>>>
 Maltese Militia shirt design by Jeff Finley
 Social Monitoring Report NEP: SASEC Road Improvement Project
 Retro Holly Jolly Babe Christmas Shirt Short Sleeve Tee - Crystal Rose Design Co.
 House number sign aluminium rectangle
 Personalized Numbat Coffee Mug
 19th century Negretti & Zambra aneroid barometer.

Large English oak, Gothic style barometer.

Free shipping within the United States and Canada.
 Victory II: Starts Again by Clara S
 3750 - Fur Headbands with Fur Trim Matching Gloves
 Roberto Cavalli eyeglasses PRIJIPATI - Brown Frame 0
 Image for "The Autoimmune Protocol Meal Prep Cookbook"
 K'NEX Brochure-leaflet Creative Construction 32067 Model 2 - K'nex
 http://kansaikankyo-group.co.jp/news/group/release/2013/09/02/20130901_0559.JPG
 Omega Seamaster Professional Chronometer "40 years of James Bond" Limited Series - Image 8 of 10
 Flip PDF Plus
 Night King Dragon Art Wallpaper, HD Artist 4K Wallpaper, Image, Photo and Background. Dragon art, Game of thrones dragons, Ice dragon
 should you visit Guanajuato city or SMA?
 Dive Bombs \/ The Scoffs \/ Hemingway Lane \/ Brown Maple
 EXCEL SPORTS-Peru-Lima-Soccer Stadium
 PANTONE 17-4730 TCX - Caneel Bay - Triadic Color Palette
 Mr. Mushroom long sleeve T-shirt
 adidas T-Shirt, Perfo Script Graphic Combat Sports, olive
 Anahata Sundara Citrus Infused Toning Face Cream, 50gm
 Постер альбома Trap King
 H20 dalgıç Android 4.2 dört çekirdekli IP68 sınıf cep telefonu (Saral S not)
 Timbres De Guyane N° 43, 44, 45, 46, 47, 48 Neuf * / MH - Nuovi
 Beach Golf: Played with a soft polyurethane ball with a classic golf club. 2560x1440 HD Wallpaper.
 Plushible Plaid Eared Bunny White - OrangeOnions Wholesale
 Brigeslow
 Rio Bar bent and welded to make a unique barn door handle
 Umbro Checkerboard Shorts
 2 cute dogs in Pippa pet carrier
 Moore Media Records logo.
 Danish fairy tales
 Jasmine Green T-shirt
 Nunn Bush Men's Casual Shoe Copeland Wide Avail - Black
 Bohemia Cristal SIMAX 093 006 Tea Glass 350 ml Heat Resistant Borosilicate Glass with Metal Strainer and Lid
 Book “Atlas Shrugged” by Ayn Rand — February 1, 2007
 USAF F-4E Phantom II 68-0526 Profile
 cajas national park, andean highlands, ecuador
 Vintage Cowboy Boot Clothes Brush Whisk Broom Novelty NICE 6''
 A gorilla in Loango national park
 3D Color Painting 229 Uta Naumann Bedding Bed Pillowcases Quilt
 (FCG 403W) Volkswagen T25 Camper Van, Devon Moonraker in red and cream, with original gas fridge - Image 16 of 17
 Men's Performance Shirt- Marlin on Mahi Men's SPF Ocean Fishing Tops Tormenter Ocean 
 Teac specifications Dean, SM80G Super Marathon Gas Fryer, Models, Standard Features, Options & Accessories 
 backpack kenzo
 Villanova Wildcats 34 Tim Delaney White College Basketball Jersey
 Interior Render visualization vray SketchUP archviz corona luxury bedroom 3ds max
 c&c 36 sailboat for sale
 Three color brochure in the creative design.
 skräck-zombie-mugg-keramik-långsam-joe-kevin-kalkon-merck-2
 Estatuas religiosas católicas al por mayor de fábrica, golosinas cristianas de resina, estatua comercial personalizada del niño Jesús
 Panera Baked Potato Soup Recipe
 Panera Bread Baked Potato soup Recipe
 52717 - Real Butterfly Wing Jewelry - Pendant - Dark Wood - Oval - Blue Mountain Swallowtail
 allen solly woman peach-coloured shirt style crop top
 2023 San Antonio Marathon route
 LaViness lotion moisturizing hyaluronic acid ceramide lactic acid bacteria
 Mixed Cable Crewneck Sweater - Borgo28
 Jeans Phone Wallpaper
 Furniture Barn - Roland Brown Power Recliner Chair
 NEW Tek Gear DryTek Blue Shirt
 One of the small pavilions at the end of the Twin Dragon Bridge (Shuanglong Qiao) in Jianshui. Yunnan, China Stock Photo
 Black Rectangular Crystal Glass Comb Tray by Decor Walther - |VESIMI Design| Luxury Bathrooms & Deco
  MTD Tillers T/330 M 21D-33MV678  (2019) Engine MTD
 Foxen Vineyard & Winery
<<<
* **Requirement**:
Retype word for word the line above with "Jasmine Green T-shirt" and all lines after it, nothing else.

* **Problem solution**:
 Jasmine Green T-shirt
 Nunn Bush Men's Casual Shoe Copeland Wide Avail - Black
 Bohemia Cristal SIMAX 093 006 Tea Glass 350 ml Heat Resistant Borosilicate Glass with Metal Strainer and Lid
 Book “Atlas Shrugged” by Ayn Rand — February 1, 2007
 USAF F-4E Phantom II 68-0526 Profile
 cajas national park, andean highlands, ecuador
 Vintage Cowboy Boot Clothes Brush Whisk Broom Novelty NICE 6''
 A gorilla in Loango national park
 3D Color Painting 229 Uta Naumann Bedding Bed Pillowcases Quilt
 (FCG 403W) Volkswagen T25 Camper Van, Devon Moonraker in red and cream, with original gas fridge - Image 16 of 17
 Men's Performance Shirt- Marlin on Mahi Men's SPF Ocean Fishing Tops Tormenter Ocean 
 Teac specifications Dean, SM80G Super Marathon Gas Fryer, Models, Standard Features, Options & Accessories 
 backpack kenzo
 Villanova Wildcats 34 Tim Delaney White College Basketball Jersey
 Interior Render visualization vray SketchUP archviz corona luxury bedroom 3ds max
 c&c 36 sailboat for sale
 Three color brochure in the creative design.
 skräck-zombie-mugg-keramik-långsam-joe-kevin-kalkon-merck-2
 Estatuas religiosas católicas al por mayor de fábrica, golosinas cristianas de resina, estatua comercial personalizada del niño Jesús
 Panera Baked Potato Soup Recipe
 Panera Bread Baked Potato soup Recipe
 52717 - Real Butterfly Wing Jewelry - Pendant - Dark Wood - Oval - Blue Mountain Swallowtail
 allen solly woman peach-coloured shirt style crop top
 2023 San Antonio Marathon route
 LaViness lotion moisturizing hyaluronic acid ceramide lactic acid bacteria
 Mixed Cable Crewneck Sweater - Borgo28
 Jeans Phone Wallpaper
 Furniture Barn - Roland Brown Power Recliner Chair
 NEW Tek Gear DryTek Blue Shirt
 One of the small pavilions at the end of the Twin Dragon Bridge (Shuanglong Qiao) in Jianshui. Yunnan, China Stock Photo
 Black Rectangular Crystal Glass Comb Tray by Decor Walther - |VESIMI Design| Luxury Bathrooms & Deco
  MTD Tillers T/330 M 21D-33MV678  (2019) Engine MTD
 Foxen Vineyard & Winery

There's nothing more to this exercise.